No matter the particular issues of a dispute, stress is inherent. This stress is compounded by the simple fact that litigation may be a long and involved processes that pull parties away from their families, their work and other commitments. Moreover, if one is called upon to be not just a litigant, but, also, a witness, he or she will need to be prepared for deposition. For some, reliving the event that prompted the litigation can be quite challenging. Furthermore, for those new to the litigation process, statutory and procedural rules, and the lack of certainty with regard to the overall outcome, will be a profound source of stress. In some cases, litigants have reported that these stresses exhibit themselves physically through loss of sleep, physical ailments and sometimes even depression.

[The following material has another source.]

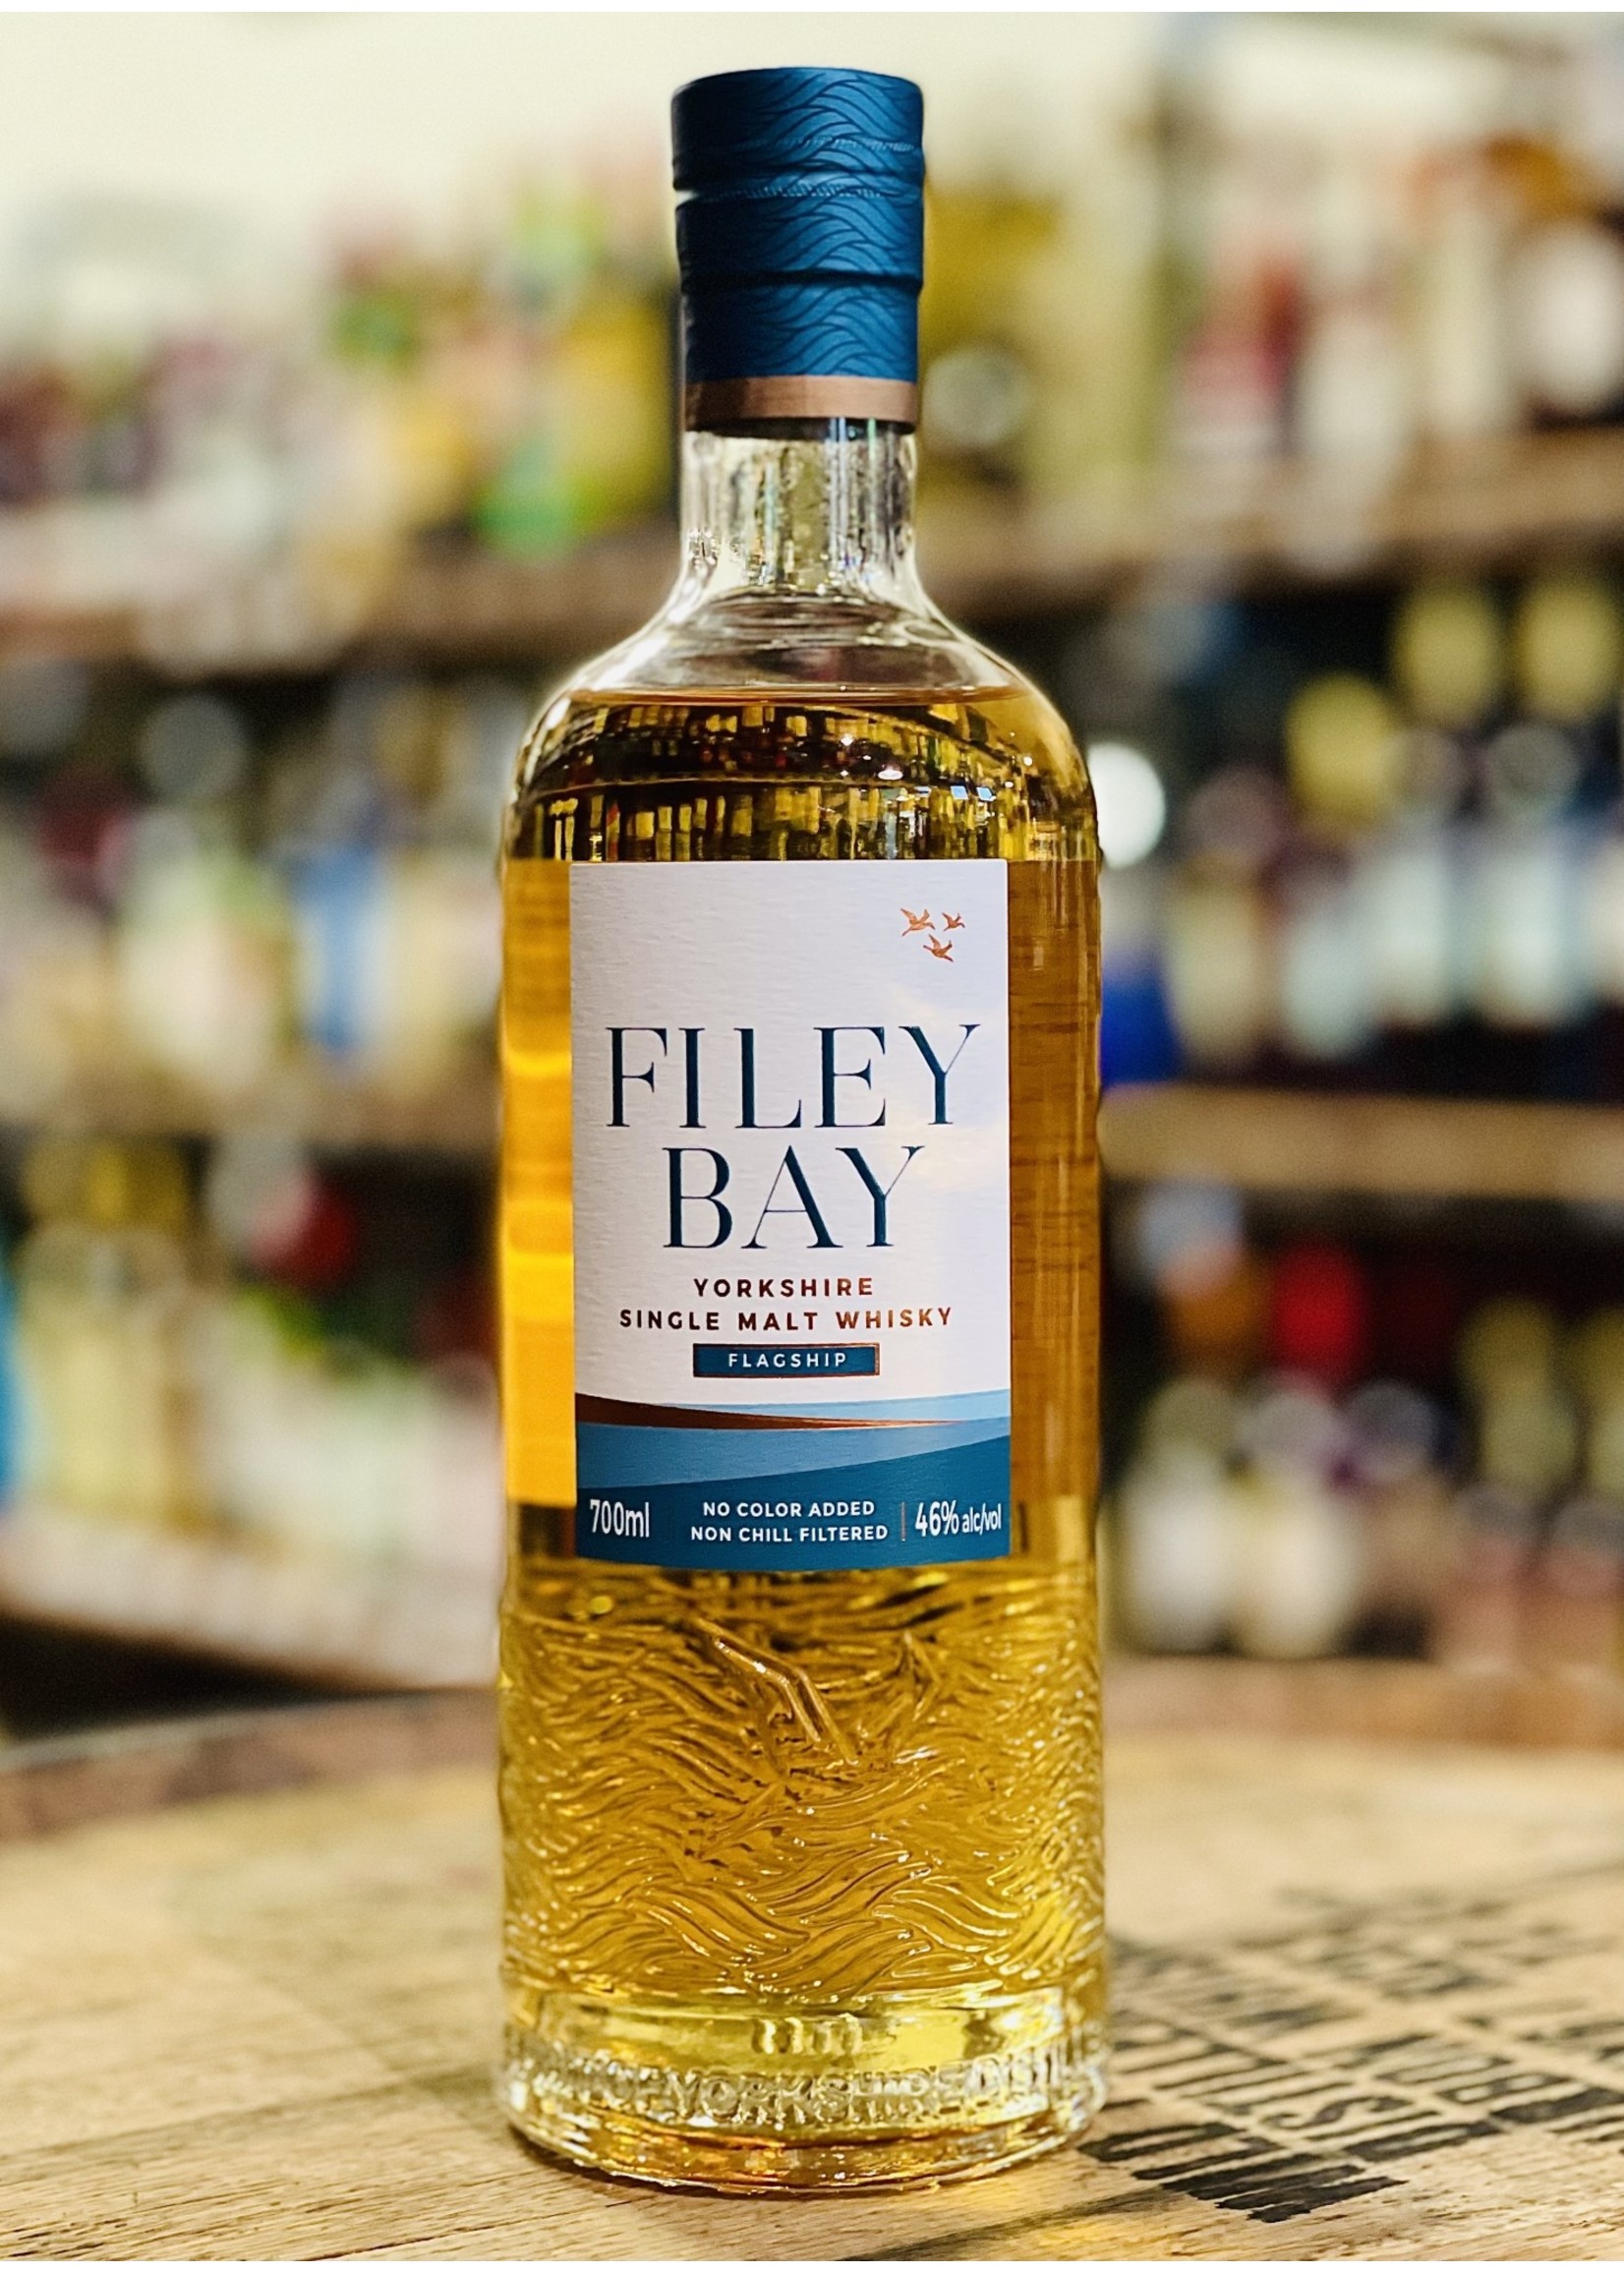 Filey Bay Filey Bay / Spirit of Yorkshire Flagship Single Malt Whisky 46% abv / 700mL

Litigation is a long process. Each side may do whatever possible to gain a tactical advantage. Motions will be filed and the judge will make decisions, which may or may not be favorable. Even in arbitration, while expedited, there is strategy and arbitrators makes decisions along the path to finally hearing the dispute. Nothing is certain in litigation, or for that matter, in arbitration. Even when the trial or arbitration come to a close and when it appears that the dispute has ended, the court decision might not in fact be acceptable to one or both sides and an appeal may follow, and in turn incur more costs. In an arbitration, there may be a battle over the entry of an award in court or counsel may move to vacate the award in a court proceeding. Thus, a substantial amount of emotional energy and time goes into a litigation or arbitration in addition to the costs of all types.

There are certain issues with respect to litigation and arbitration that are unique to each side. First, the defense side might be judgment proof, meaning he, she, or it lacks the financial resources or insurance to satisfy a judgment/award. So if a Defendant has no assets or insurance, there may be "no there, there." Even if one obtains a favorable judgment/award and damages are awarded accordingly, the judgment/award may be virtually meaningless if it cannot be fulfilled. Conversely, a Defendant who decides to see the case all the way through to trial takes the additional risk that the Plaintiff will make adverse law in the relevant jurisdiction. For example, a dispute creating new law in the area of wage and hour issues can be expensive for a company and other similarly situated entities to conform to. There may be substantial costs incurred as the company decides what must be done to comply with the new case law and implement new policies accordingly. Furthermore, such a decision may take place at an appellate court, state Supreme Court, or even at the U.S. Supreme Court level, which means that the parties will have litigated for years and the legal costs have continued to mount all the while.

So, as you consider "Why compromise?" in a mediation, think about these issues. When the financial cost of litigation or arbitration, plus the costs of emotional turmoil are added up, it is not difficult to see why some parties choose to shake hands outside of court or arbitration rather than see a case through to "the bitter end" which may not even be "the end" at all.